Financial Modeling is also a field full of stochastic process. One famous process is Brownian process. Brownian process is continuous but does not have derivative. This means that the increment is always small but when the time interval goes to zero, the change will be dramatic. An advanced process named Levy process, which is also widely used in this field, is a combination of Brownian motion and jump process. In contrast with the previous dynamic model, there are currently no exact inference algorithms for these processes.
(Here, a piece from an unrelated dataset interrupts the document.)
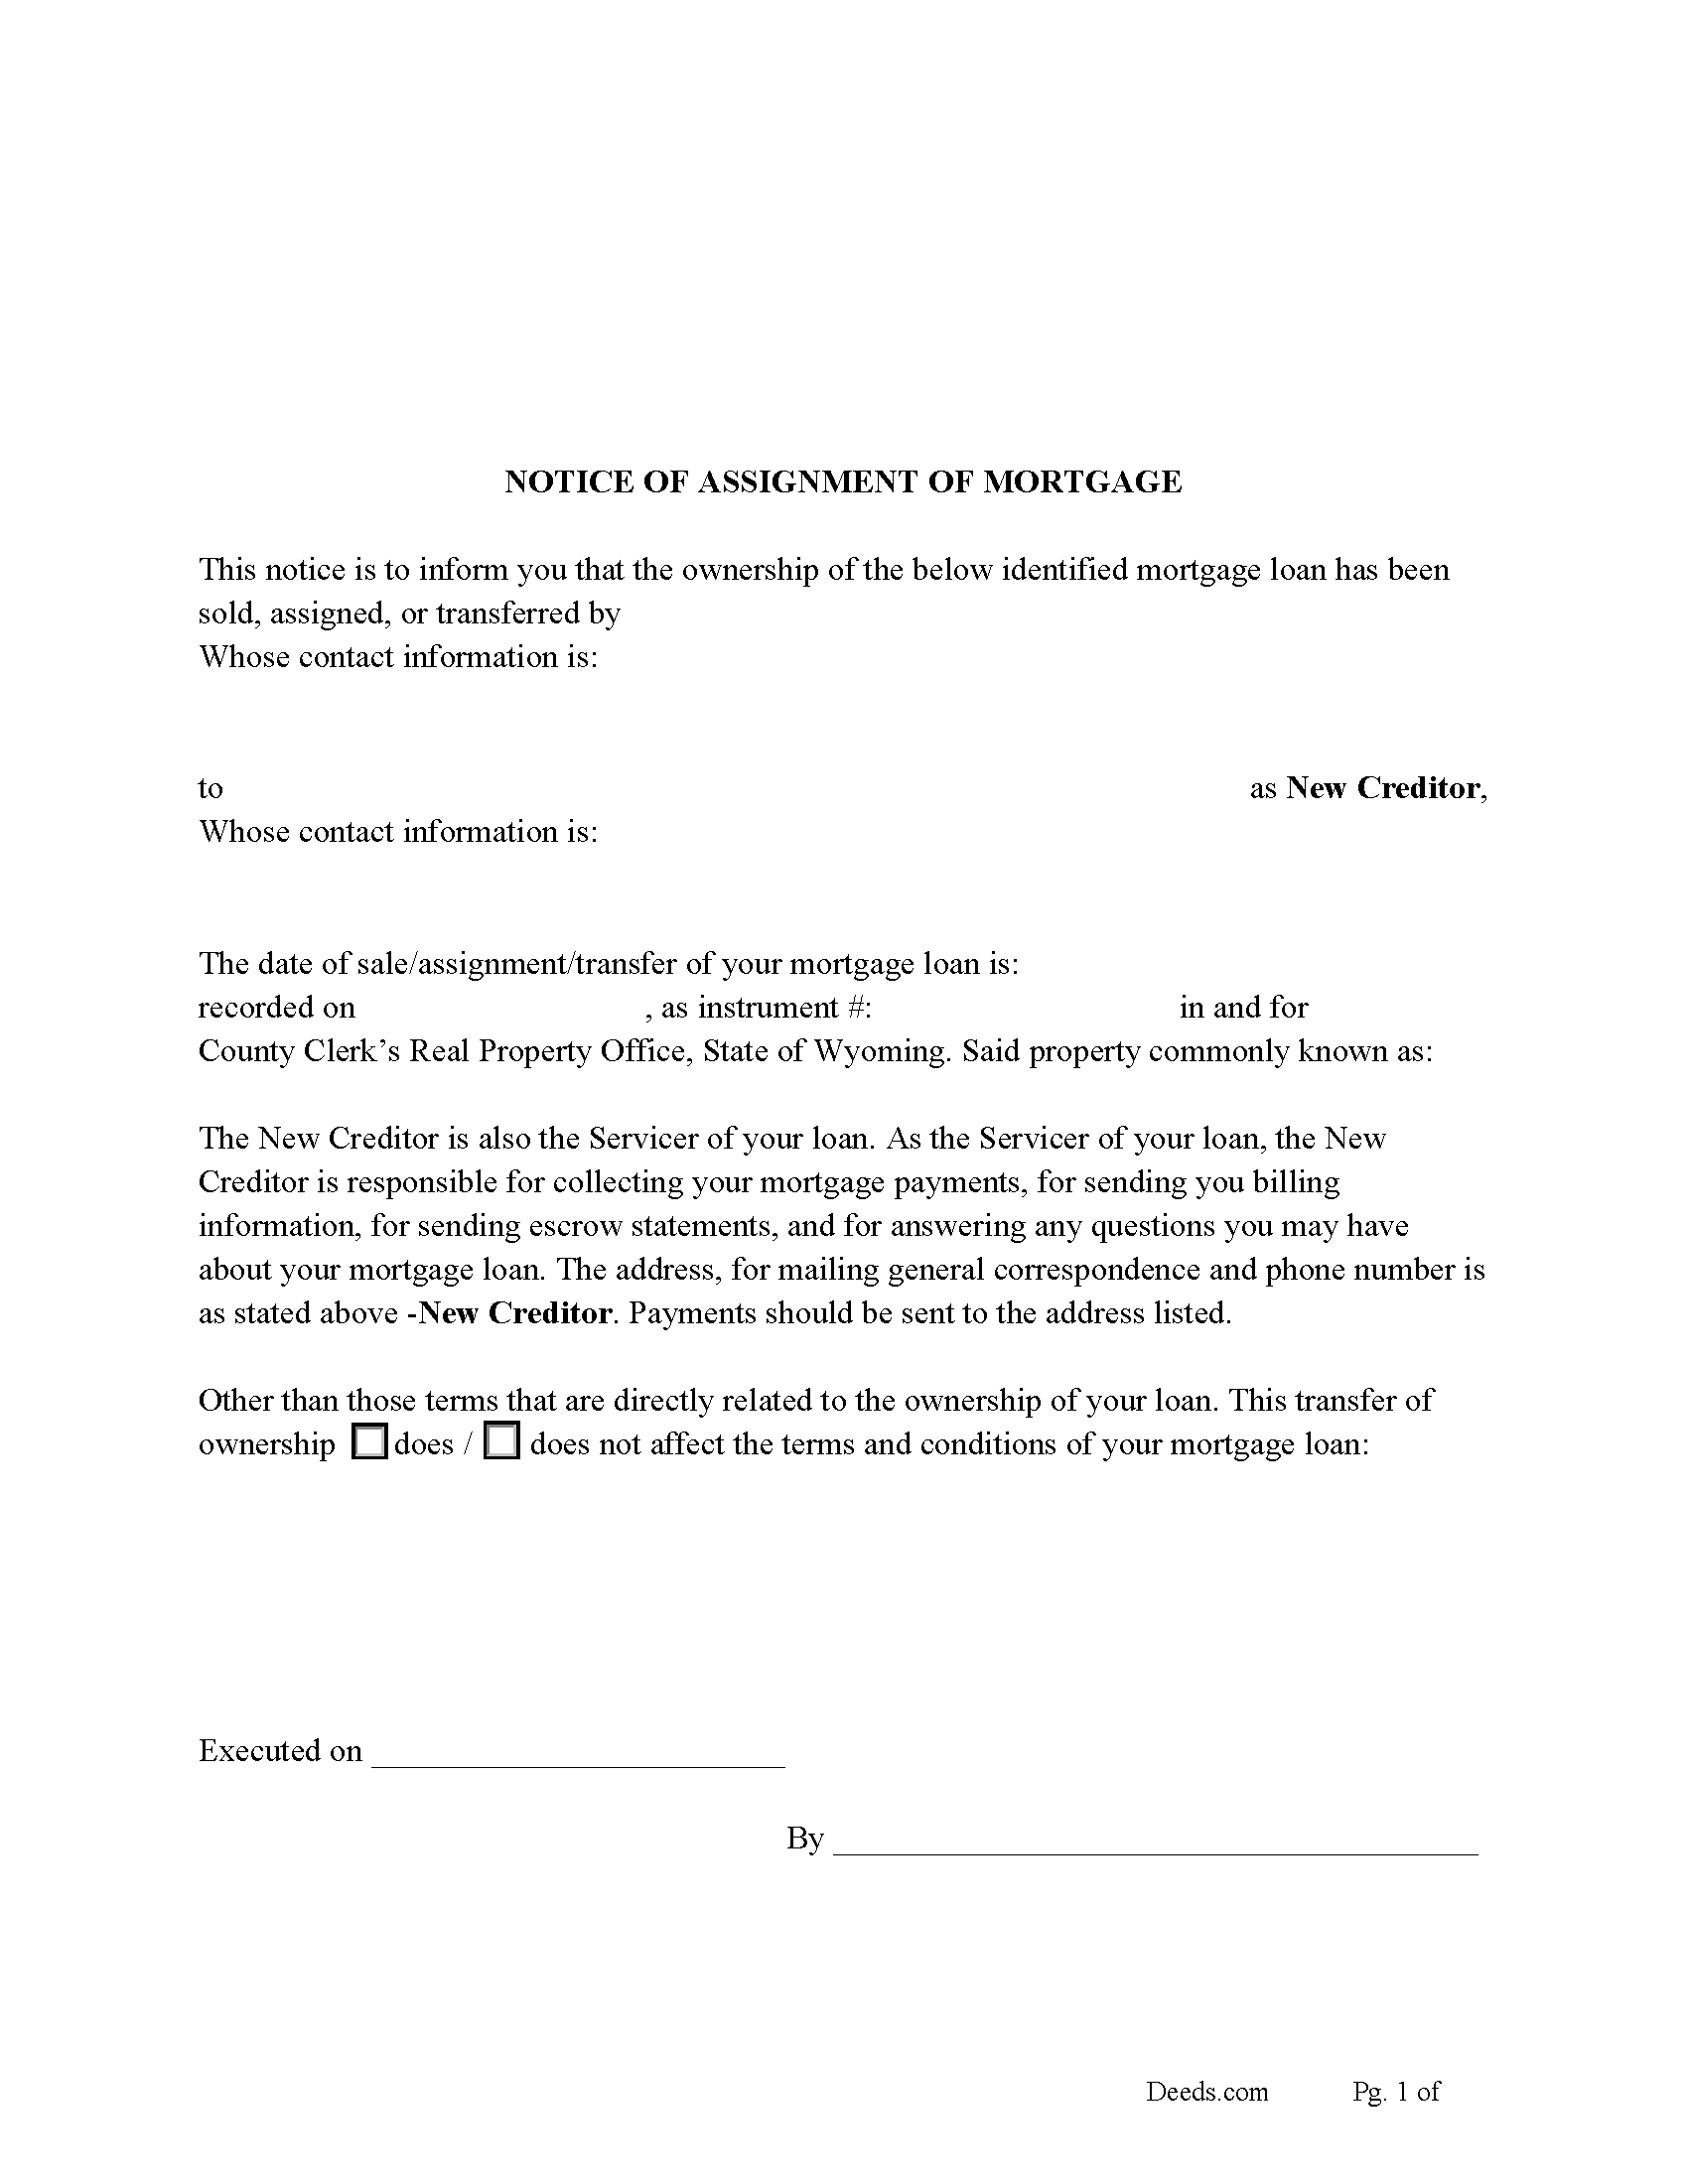 Notice of Assignment of Mortgage Form

The common tool is simulation.

The most used tools in this course for inference in dynamic modeling is variational inference method, which has strong relationship with the law of large numbers and the large deviation theory.

# Exponential Random Graph Model [10/13]

Le Yang, Harshith Kumar Ramadev and Karthik Kakarla Nagendra Prakash. October 13, 2015

### Introduction to Dynamic Networks

With these dynamic networks, what we can do?

1. Summarizing: What are the characteristics of a dynamic network data? For example, the triangle closure property says if A and B are friends and B and C are friends, then A and C are friends. This property can be summarized from different dataset including some dataset mentioned above.
2. Modeling: how to modeling the dynamic networks? There are two ways: a) from the perspective of economists and social scientists; b) from the perspective of physicists. Both perspectives will be discussed later in details.
3. Prediction: One important objective of research on dynamic network is to predict what will happen in the future. For example, in political relationship dataset, we want to know if one nation will support another nation or fight with it.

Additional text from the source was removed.